Stimuli‐responsive antibacterial materials are widely used in drug delivery, that can release drug on demand and reduce the generation of drug‐resistant bacteria. Drugs can be loaded in polymer brushes on various surfaces, in hydrogels and subcutaneous injection solution.[ 187 , 188 ] Traba and Liang[ 67 ] constructed bacterial responsive surfaces by lytic peptides and poly(acrylic acid) via layer by layer (Figure 10C). Once bacterial adhesion, the modified surface could release lytic peptides at the contamination sites in response to bacterial acidic microenvironment and prevent biofilm formation for up to a week on indwelling device efficiently. This method expanded the service life of indwelling device and alleviated the suffering of patients.

Hydrogels are very suitable for drug delivery, that can load drugs conveniently and release in a controlled manner in response to multi‐stimuli.[ 189 , 190 , 191 ] Vancomycin (Van) was incorporated in the hydrogel which was formed by Schiff‐base reaction of different contents of 4‐arm‐PEG‐NH2, 4‐arm‐PEG‐NHS, and 4‐arm‐PEG‐CHO. Once infected, the cross‐links were hydrolyzed, Van was released in response to the degree of acidification, and almost all bacteria were killed when the concentration of vancomycin was 250 µg mL−1 in hydrogel (Figure 10D).[ 192 ]

Subcutaneous injection is widely used to deliver nanodrugs and the targeting effect could be achieved easily without blood circulation. The PANI conjugated glycol CS nanoparticles (PANI‐GCS NPs) were injected subcutaneously into the abscess. PANI‐GCS NPs were bacterium‐specific aggregated by surface charge conversion in response to bacterial acidification. Upon NIR irradiation, PANI converted light energy into thermal energy to completely ablate methicillin‐resistant S. aureus effectively (Figure 10E).[ 193 ] A core‐shell upconversion nanoparticle (OC‐UCNP‐ZnPc), which was coated with cationic N‐octyl CS and loaded the PS zinc phthalocyanine, was also injected subcutaneously into the infected wound. The nanoparticle with high bactericidal efficiency, could kill drug‐resistant bacteria in deep tissue (1 cm) through the dual bactericidal activities of cationic N‐octyl CS PDT‐induced ROS (Figure 10F).[ 194 ]

Controlled drug release is indivisible with stimuli‐responsive materials. How to combine the responsive groups and the carriers appropriately to obtain controlled release is the focus of research.
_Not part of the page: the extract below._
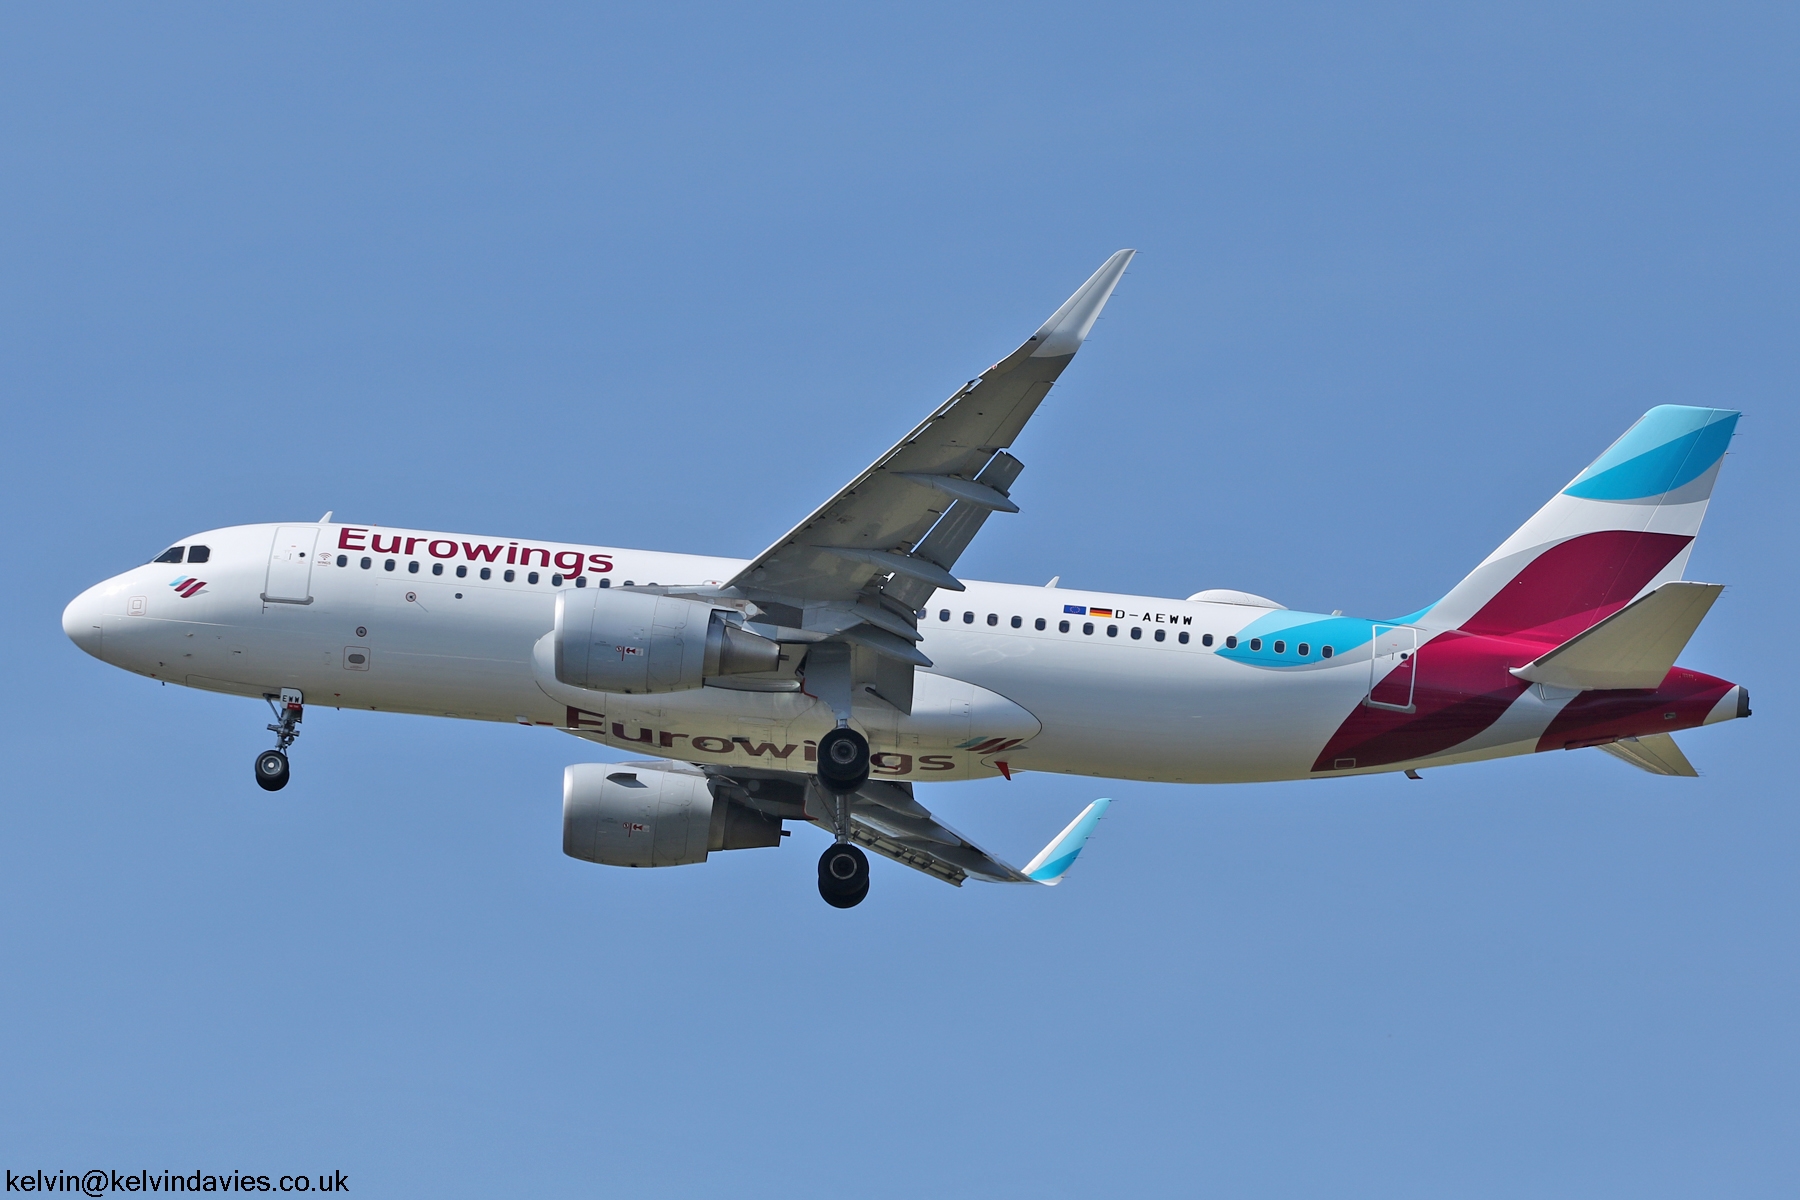 Eurowings A320 D-AEWW
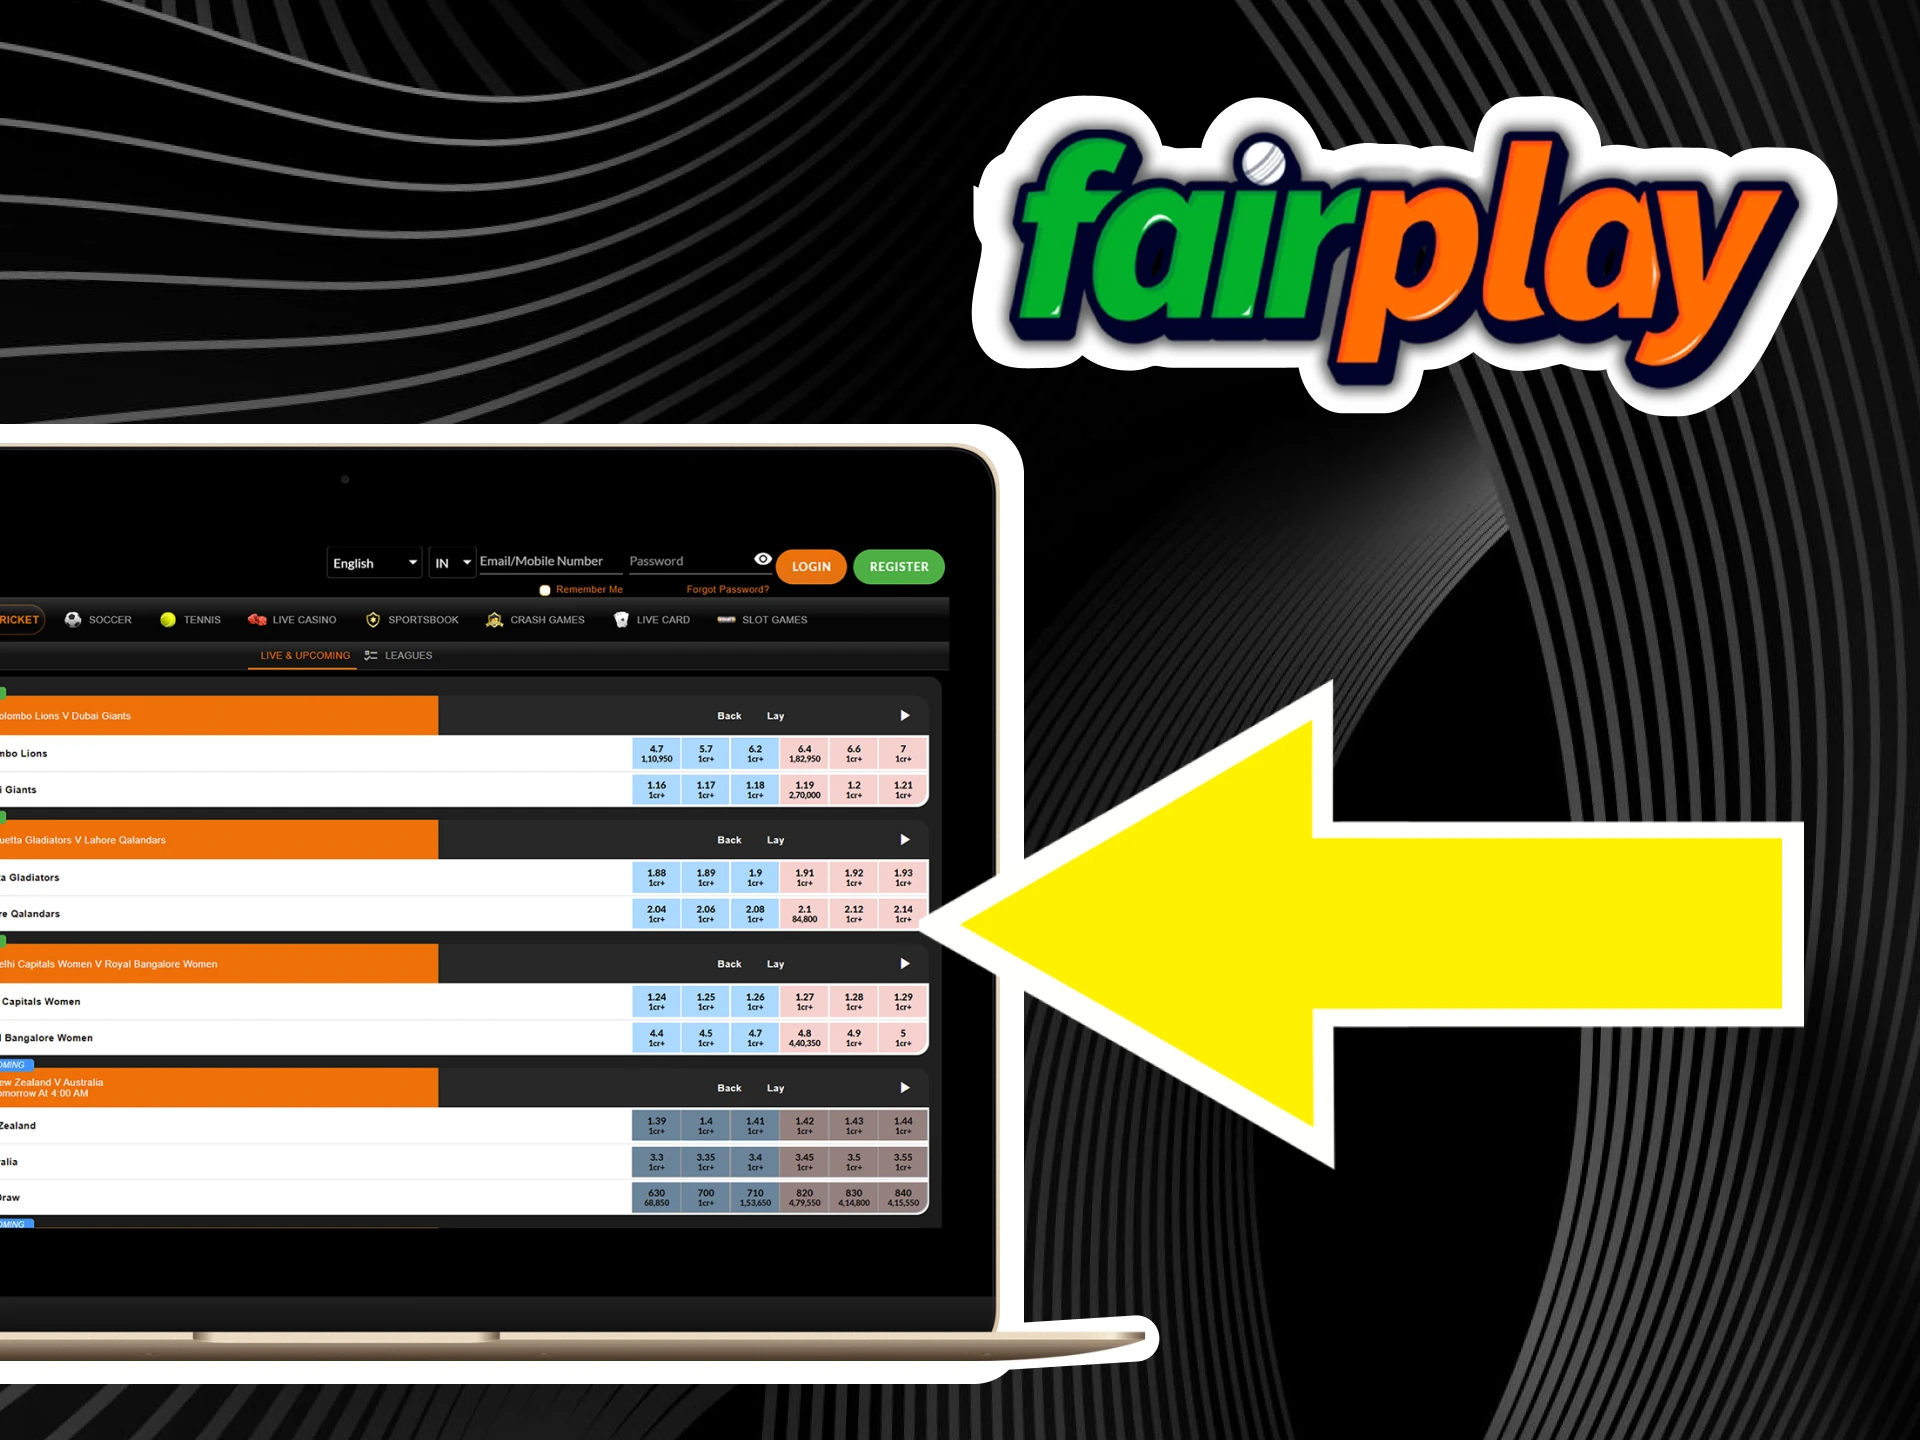 Choose a match and a team and place a bet on Fairplay.

Electrostatic interaction, Schiff base, β‐carboxamide bond combined with surface coating, hydrogel, and subcutaneous injection are the commonly used methods. However, these methods are not via blood circulation. How to realize intravenous injection or oral drugs which release drugs after blood circulation is the future research direction.

4.3. Theranostics

Theranostics integrates accurate diagnosis and therapeutic capacities into a single system, that can generate real‐time diagnostic signals and facilitate the in situ therapeutic processes in time. Nowadays, pathogen diagnosis and therapy are independent processes in the conventional approach, inevitably leading to compromised therapeutic efficacy and increased economic and mental burdens. Sensitive bacterial detection facilitates the timely interventions at the early stage of infection before biofilm formation. The formation of biofilm can be divided into five stages: initial attachment of bacterial cells to the surface; irreversible adhesion stage; early development of biofilm architecture; maturation of biofilm architecture; dispersion of single cells from the biofilm.[ 195 , 196 ] It is well known that exist in mature biofilm, bacterial cells can become 100–1000 times more resistant to antimicrobial agents than planktonic bacteria.[ 197 ] Detection and killing bacteria at the early stage of infection can avoid the formation of mature biofilm, inhibit the emergence of drug‐resistant bacteria, and reduce the difficulty of treatment efficiently.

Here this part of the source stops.